When using the connection, make sure to put it in a
with
block (necessary for any context manager):with mysql.connection() as conn:
- Returns:
MySQL connection object
- query(sql, parameters=None)[source]
Execute a query against the database. Will return
None
if the query returns zero rows.To include python variables in your query, it is recommended to pass them as parameters, following the mysql style. Using the
parameters
argument ensures that values are escaped properly, and avoids SQL injection attacks.Parameter Examples
# Note that the name contains a quote, which could break your query if not escaped # properly. name = "Beatrice O'Brady" sql = "SELECT * FROM my_table WHERE name = %s" mysql.query(sql, parameters=[name])
names = ["Allen Smith", "Beatrice O'Brady", "Cathy Thompson"] placeholders = ', '.join('%s' for item in names) sql = f"SELECT * FROM my_table WHERE name IN ({placeholders})" mysql.query(sql, parameters=names)
- Args:
- sql: str
A valid SQL statement
- parameters: list
A list of python variables to be converted into SQL values in your query
- Returns:
- Parsons Table
See Parsons Table for output options.
- query_with_connection(sql, connection, parameters=None, commit=True)[source]
Execute a query against the database, with an existing connection. Useful for batching queries together. Will return
None
if the query returns zero rows.- Args:
- sql: str
A valid SQL statement
- connection: obj
A connection object obtained from
mysql.connection()
- parameters: list
A list of python variables to be converted into SQL values in your query
- commit: boolean
Whether to commit the transaction immediately. If
False
the transaction will be committed when the connection goes out of scope and is closed (or you can commit manually withconnection.commit()
).
- Returns:
- Parsons Table
See Parsons Table for output options.
- copy(tbl: Table, table_name: str, if_exists: str = 'fail', chunk_size: int = 1000, strict_length: bool = True)[source]

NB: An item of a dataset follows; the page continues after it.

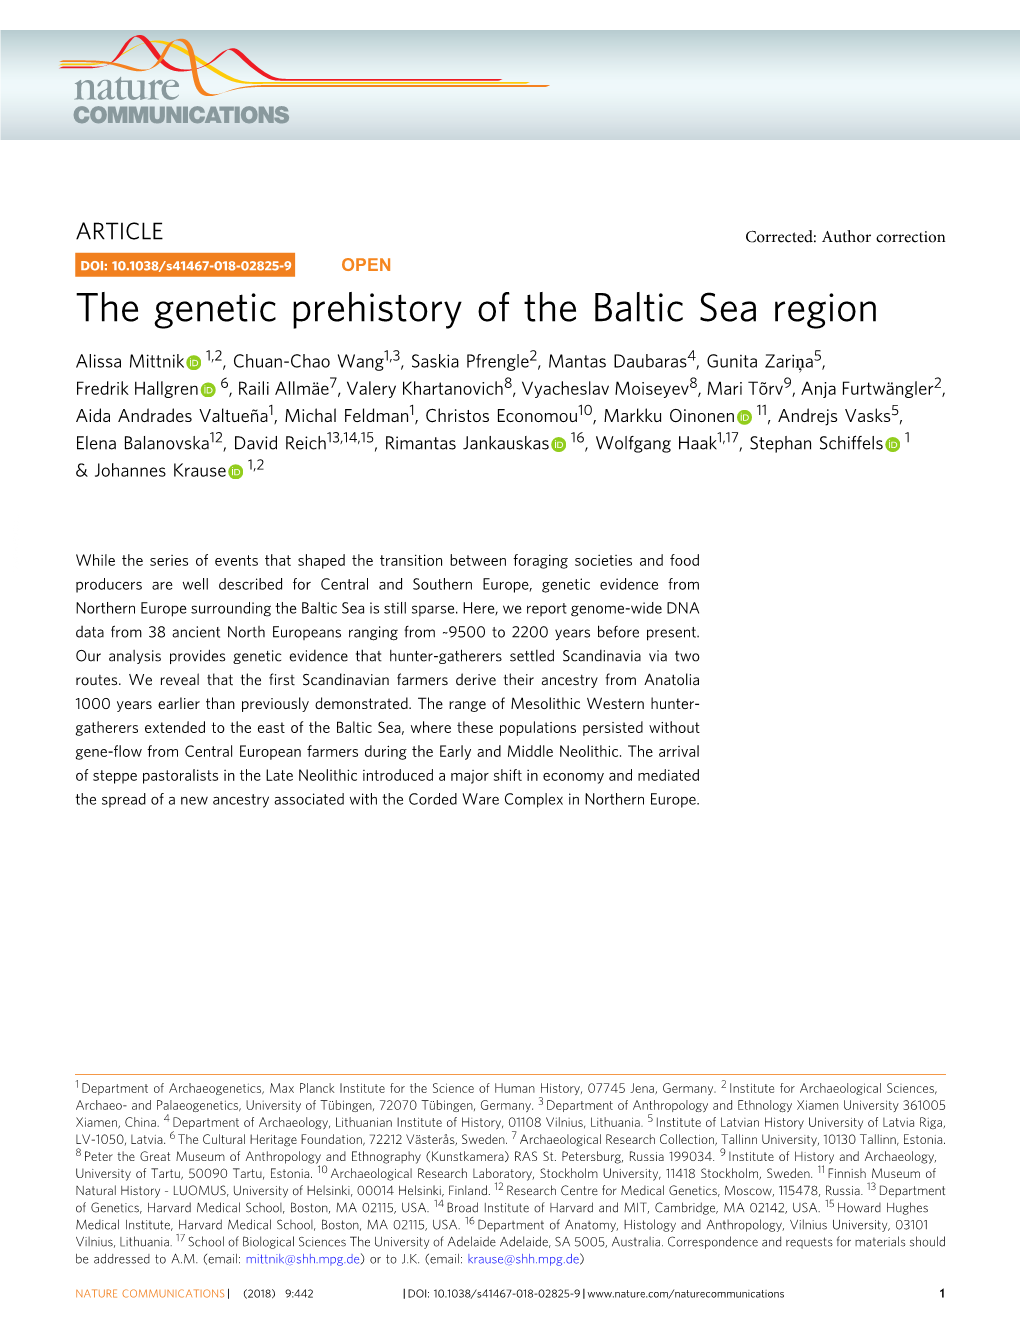 The Genetic Prehistory of the Baltic Sea Region

Copy a Parsons Table to the database.
Note
This method utilizes extended inserts rather LOAD DATA INFILE since many MySQL Database configurations do not allow data files to be loaded. It results in a minor performance hit compared to LOAD DATA.
- Args:
- tbl: parsons.Table
A Parsons table object
- table_name: str
The destination schema and table (e.g.
my_schema.my_table
)- if_exists: str
If the table already exists, either
fail
,append
,drop
ortruncate
the table.- chunk_size: int
The number of rows to insert per query.
- strict_length: bool
If the database table needs to be created, strict_length determines whether the created table’s column sizes will be sized to exactly fit the current data, or if their size will be rounded up to account for future values being larger then the current dataset. defaults to
True
- table_exists(table_name: str) bool [source]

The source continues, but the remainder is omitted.